Transcribe the listing that follows in full, omitting pictures.
Segment Start: PROVIDED MATERIAL
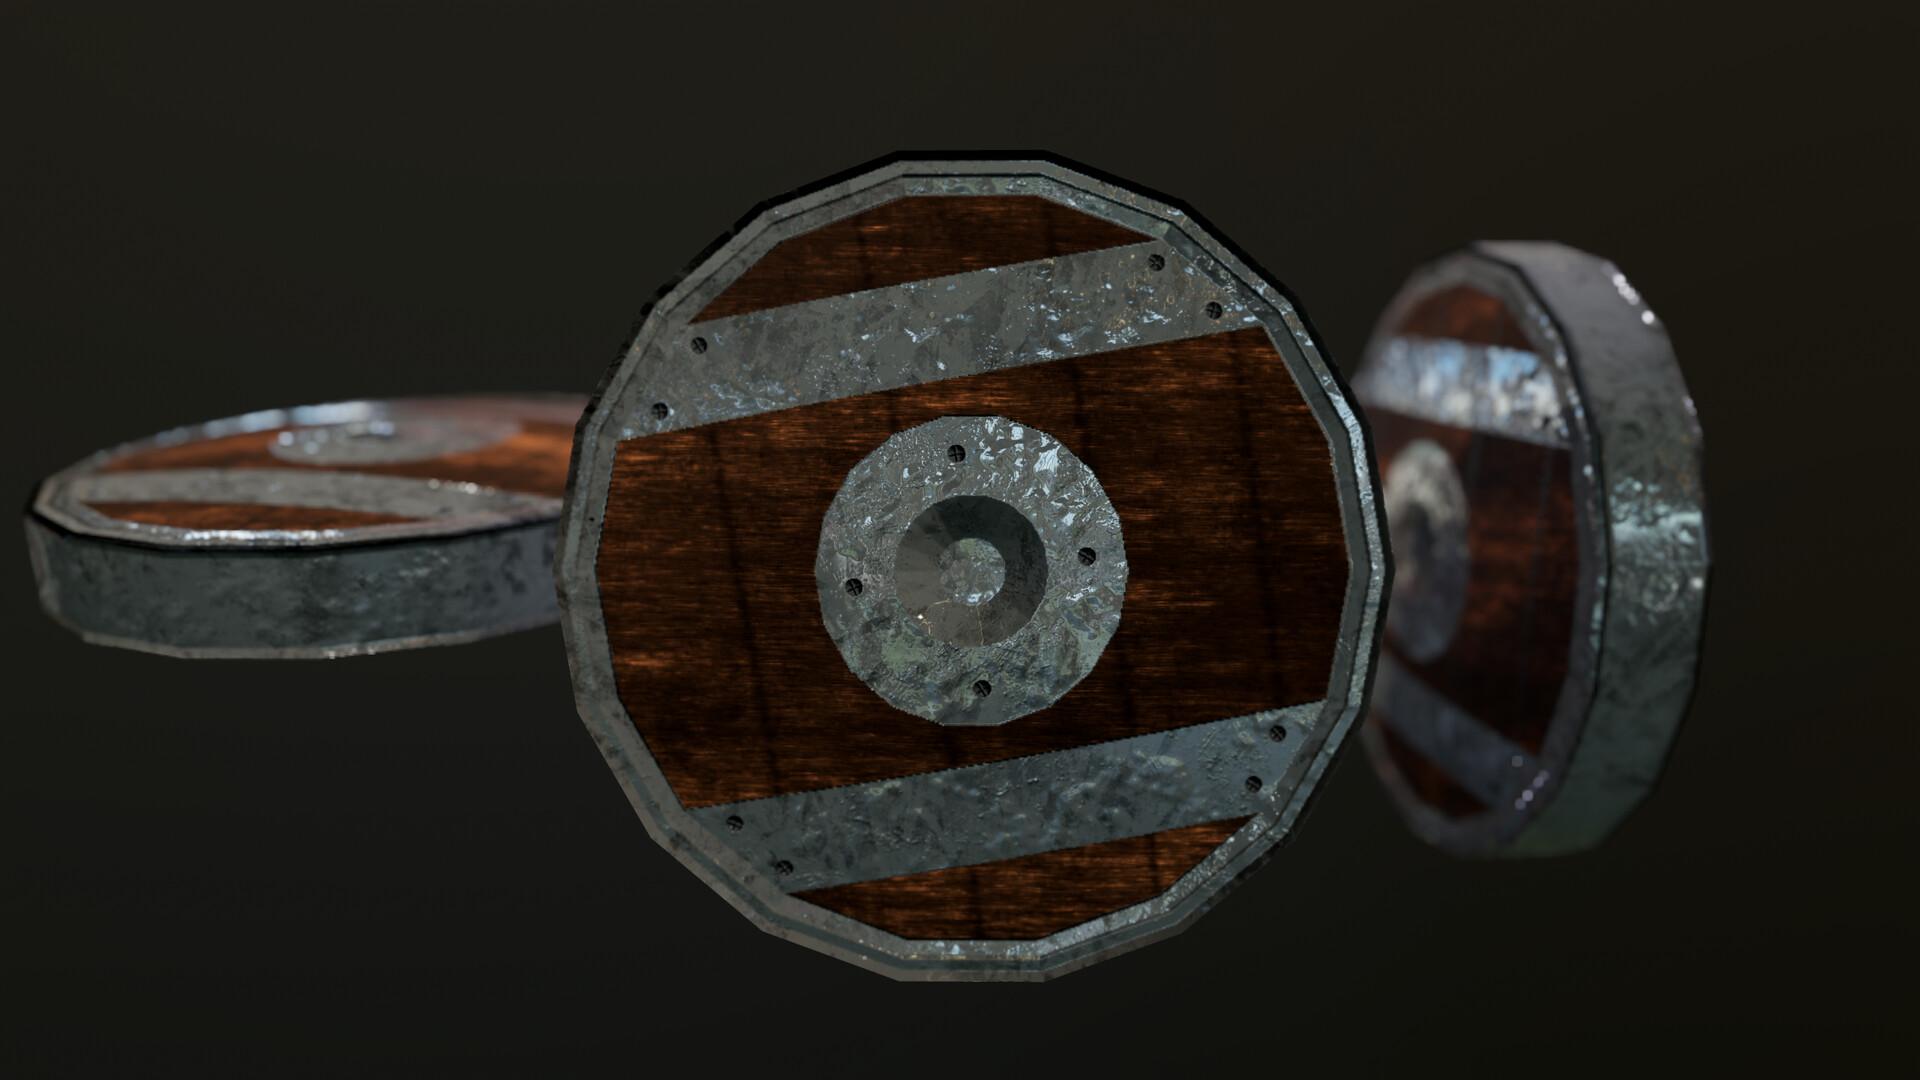 ArtStation - Medieval wheel for war engine, Ioan Parfenie
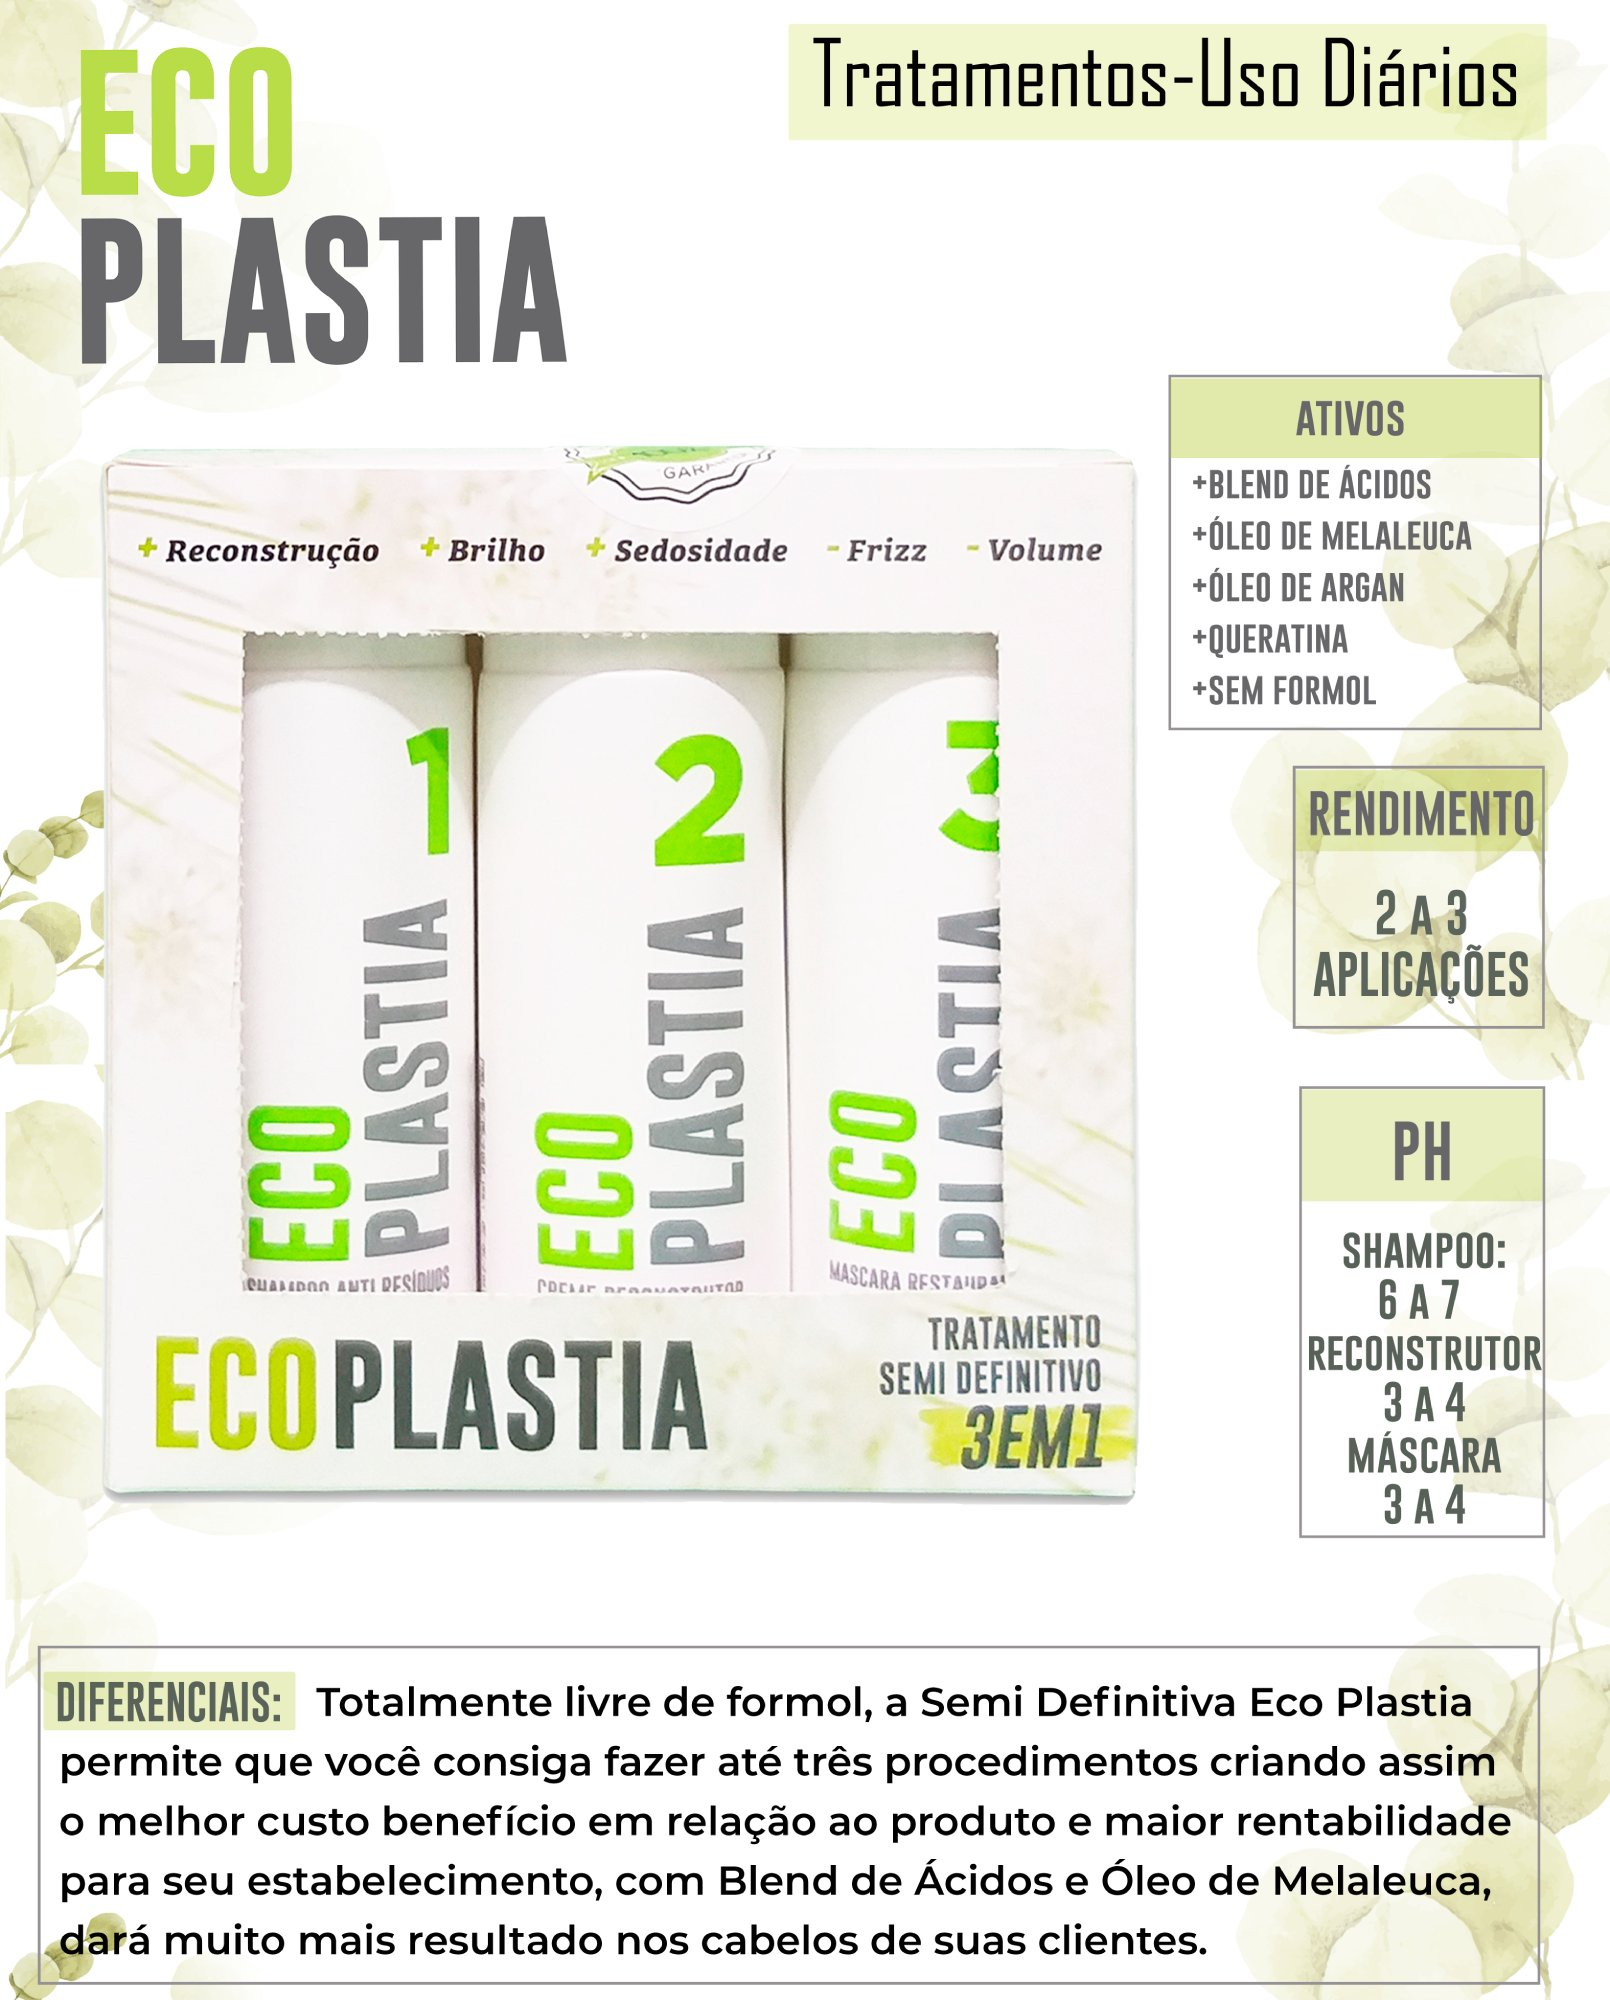 Kit Pequeno Semi Definitiva Sem Formol EcoPlastia - 3 em 1
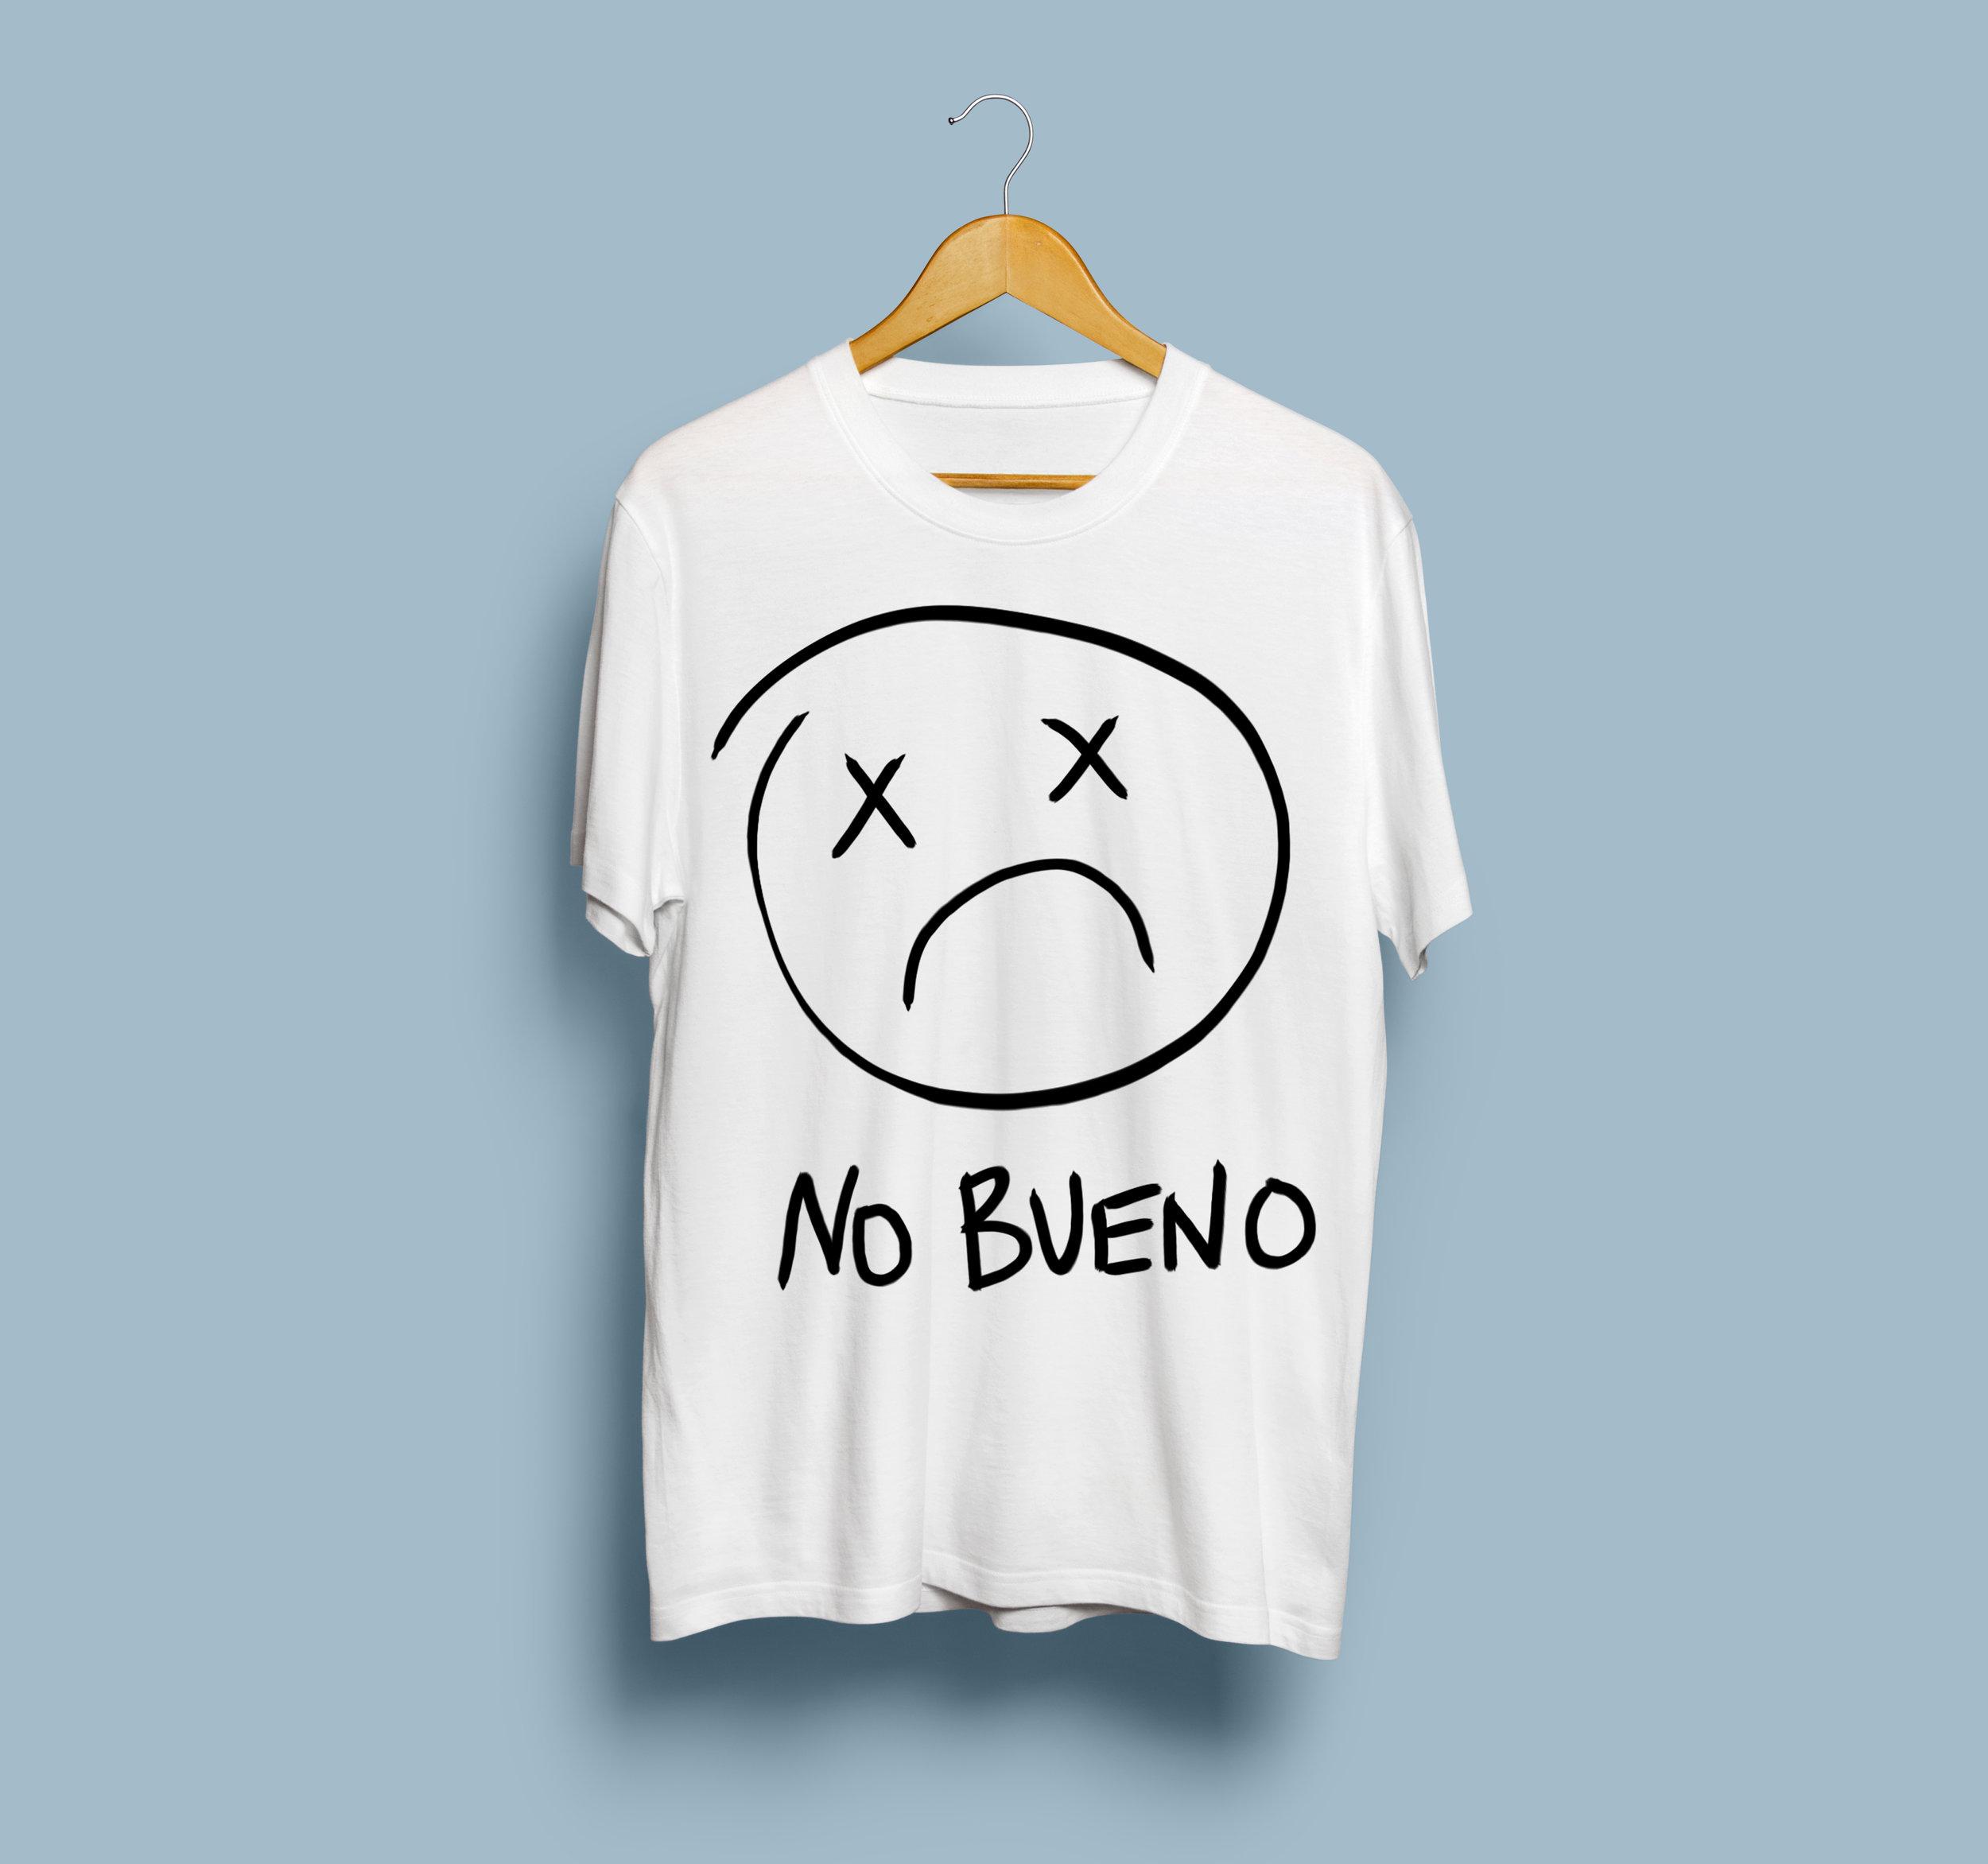 no bueno campaign / t shirt design
Segment End: PROVIDED MATERIAL
> WORKED SOLUTION:
 ArtStation - Medieval wheel for war engine, Ioan Parfenie
 Kit Pequeno Semi Definitiva Sem Formol EcoPlastia - 3 em 1
 no bueno campaign / t shirt design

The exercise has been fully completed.